Children's museum seeks grants to fund Allegan location

Virginia Ransbottom, Staff Writer

The Allegan building project for the Forever Curious Childrens’ Museum is currently in the process of applying for a USDA rural development community facilities program loan.

With corporate documentation in place, executive director Mary Kasprzyk said the pre-approval process is looking good and the next step is to firm up and submit an in-depth operating budget. If that is approved, then the next process is meeting with key community players who will have a vested interest in the museum.

An estimated time frame for approval or disapproval is 2015. When in 2015, the USDA representative is not sure.

While waiting for word on the $500,000 USDA loan, other grant writing and fundraising efforts will continue.

It’s all part of the long, tedious process to secure funding which has been more difficult in Allegan than it was for the museum’s Fennville location.

In Fennville, a longtime resident stepped forward who bought and renovated a building to house the museum.

“In Allegan, we have people donating services, but no one is stepping forward for funding,” Kasprzyk said.

A recent fundraising effort in July turned out to be unprofitable.

Kasprzyk said while best selling author, speaker and wounded warrior Luis Carlos Montalván and his golden retriever were special guests of two events in July, the event in the Allegan area, which had a capacity for 150 people, only attracted 30 participants and those were museum volunteers and their families.

“No one came to support it from Allegan although the Saugatuck event did better,” Kasprzyk said

The frustrated director said it’s a challenge to fundraise for the museum since it’s a topic that doesn’t pull at heartstrings; however, educational needs are just as important, she said.

Funding was originally estimated at $250,000 to move into the first floor of the building occupying two storefronts at 134 and 136 Brady St.

That cost rose to $300,000 after a harsh winter revealed the entire roof needed replacement.  

About $25,000 in capital campaign funds has been spent to fix initial roof damage to prevent further leakage and pay utility bills since taking over the building from the city.

“If we shut off utilities, it could cause damage and it would cost more to have the gas, electric and water hooked up again,” Kasprzyk said. “The aged building still has the original wiring and plumbing from the early 1900s. We also needed to have it checked for asbestos.”

To occupy the second floor, $200,000 would be needed.

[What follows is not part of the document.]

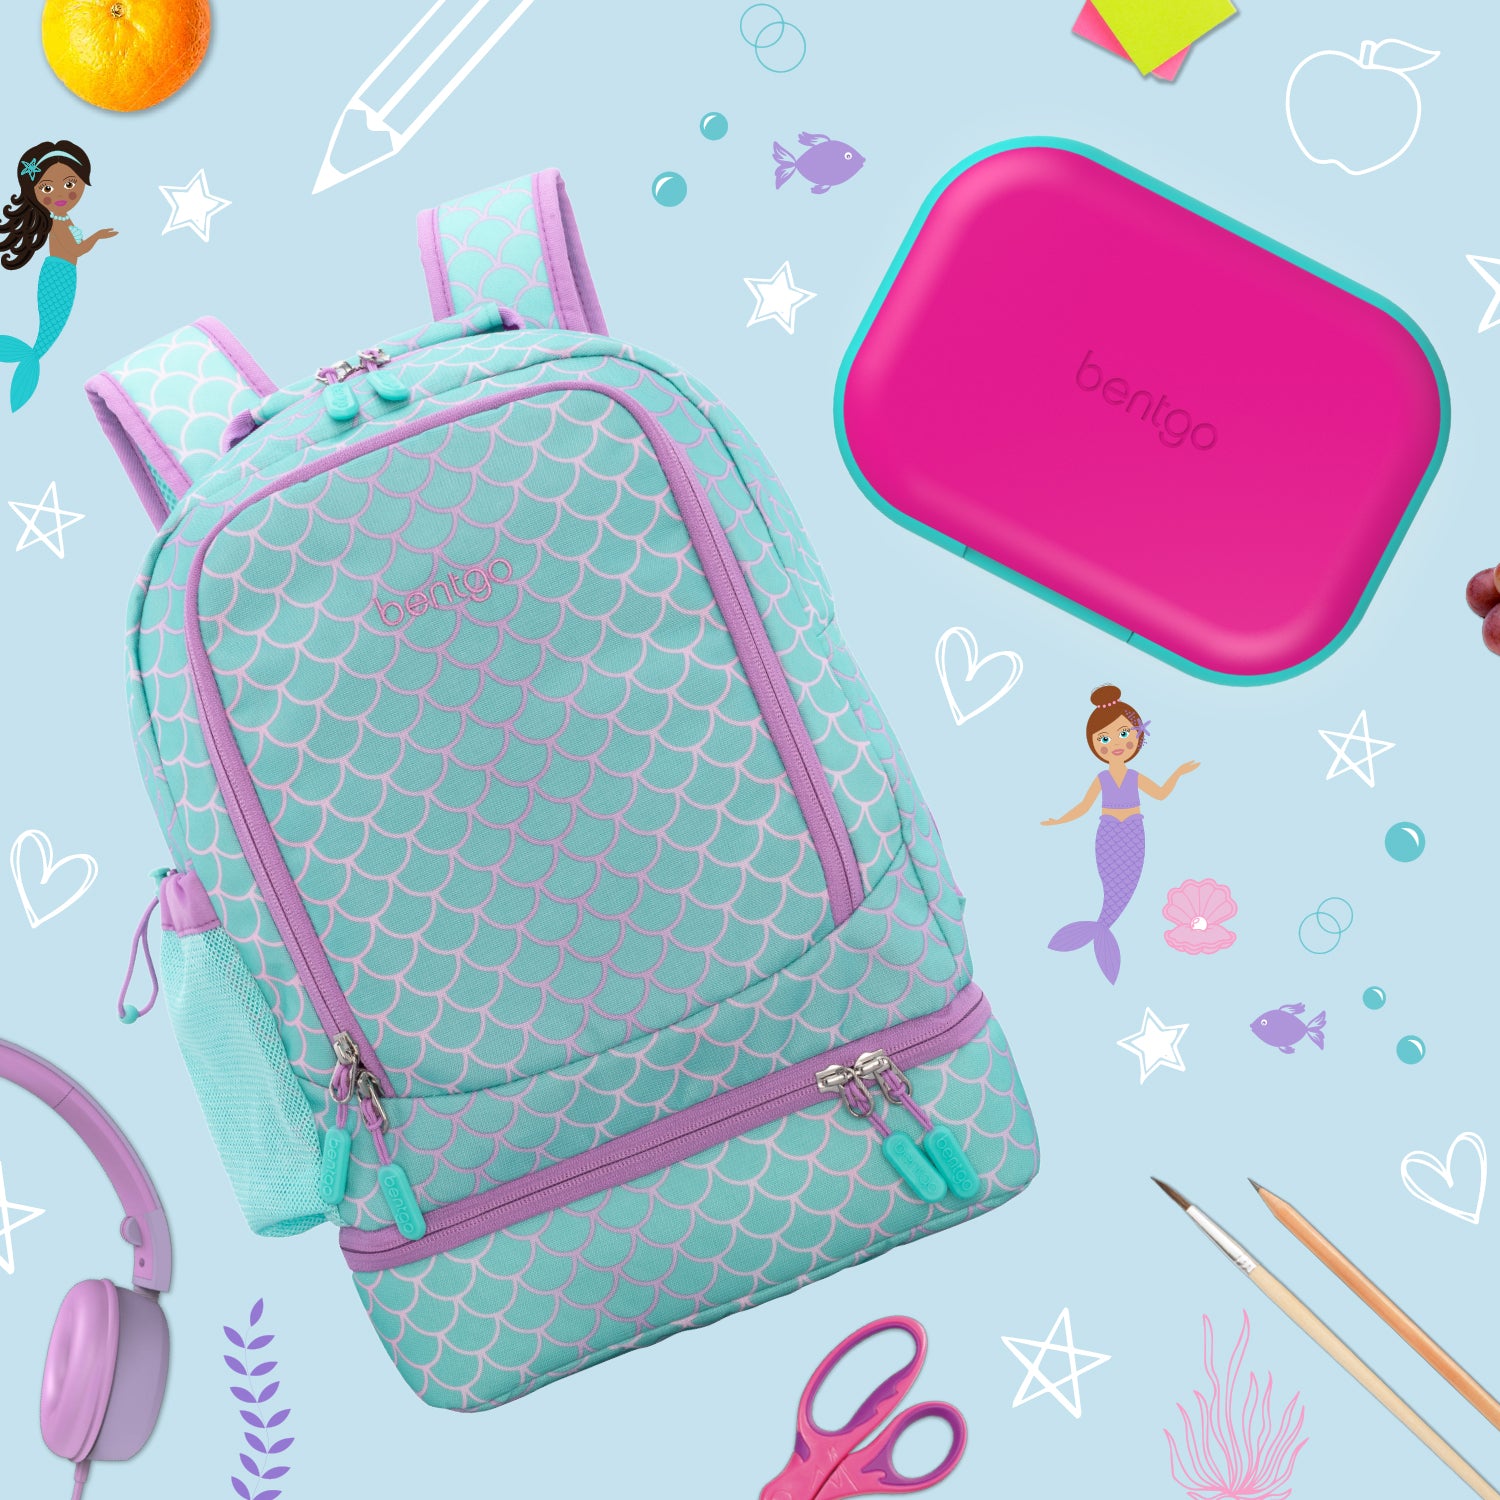 My youngest has been loving the @bentgo pop lunchbox! I am loving

Another setback is accessibility complying with the American Disabilities Act. While the building’s façade received $50,000 in renovations by the city, there are some questions whether the entrance is ADA accessible according to codes for a public museum, meaning an entryway may have to be renovated again, Kasprzyk said.

In March 2014 the museum received a one-year extension by the Allegan DDA on the original 18-month lease, which required the museum to be operational in Allegan by the expiration date.

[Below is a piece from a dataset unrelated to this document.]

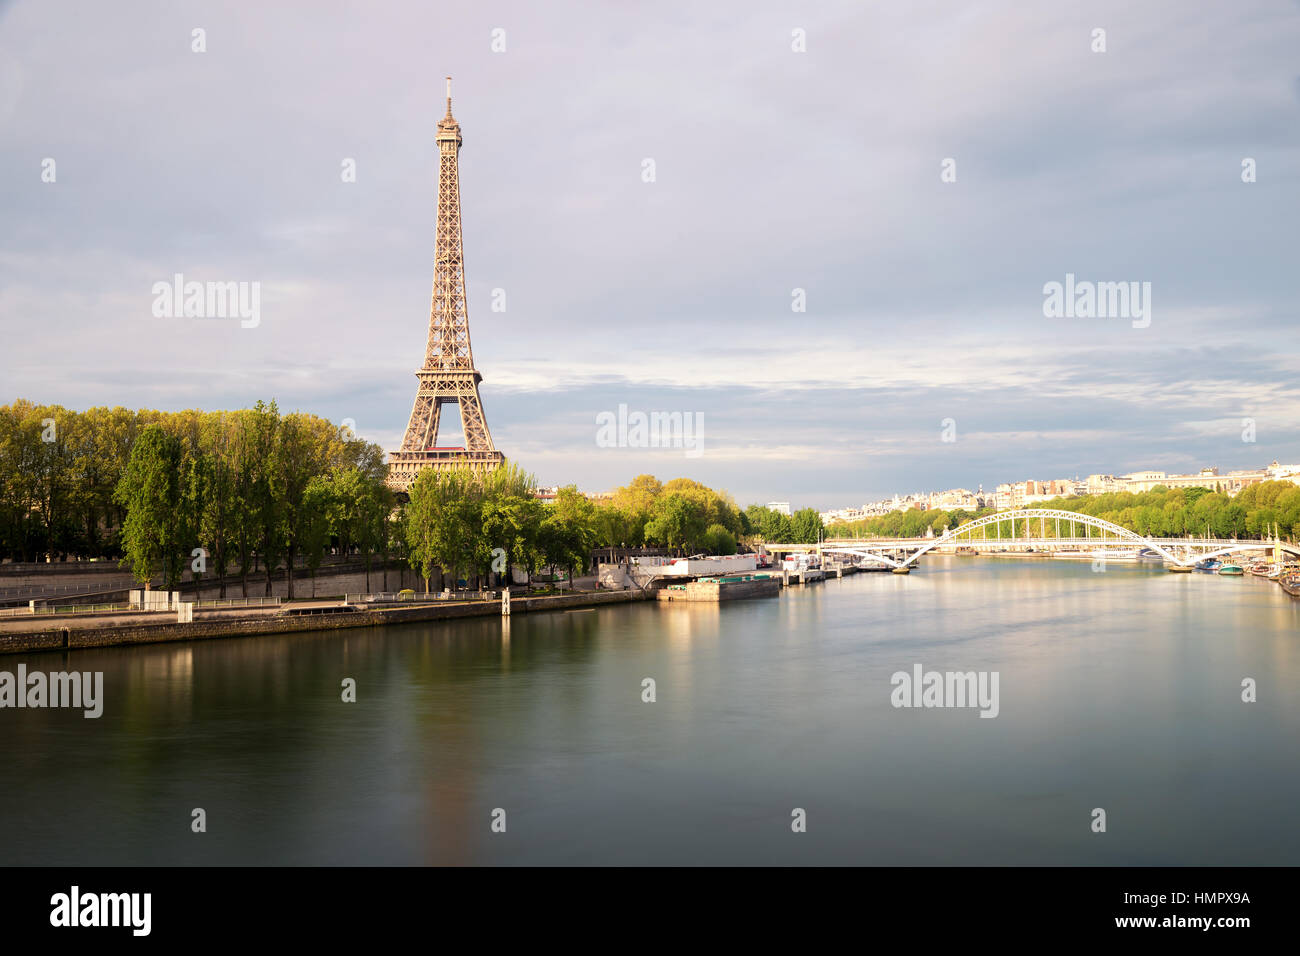 Eiffel tower in Paris from the river Seine in spring season. Paris, France. Stock Photo

The Fennville Children’s Museum reopened after renovations on Oct. 2.

“We refreshed, repainted, repaired current exhibits and added some exciting pieces the children will enjoy,” Kasprzyk said. “This will show Fennville we are still invested in downtown and not going anywhere.”

The museum in Fennville was named “Favorite Find of the Entire Summer” by Travel Editor, Julie Henning Road Trips for Families.

Field trips and private parties pay the operational expenses which are also planned for the Allegan location.

Drawing from two target market populations, the Fennville location attracts visitors from the lakeshore area, traveling from a 30-60 mile radius, as well as from neighboring states to second homes on the lakeshore.

The Allegan location is expected to offer the eastern side of the county its own unique entertaining and educational exhibits, while helping stimulate the riverfront as a destination stop with more foot traffic.

Kasprzyk said it’s important communities realize the opportunity of having a children’s museum is made available by a core group of volunteers.

“There is only one staff member paid part-time and the rest is donated services,” she said. “It’s not going to happen without a community buy-in and I challenge any community support.”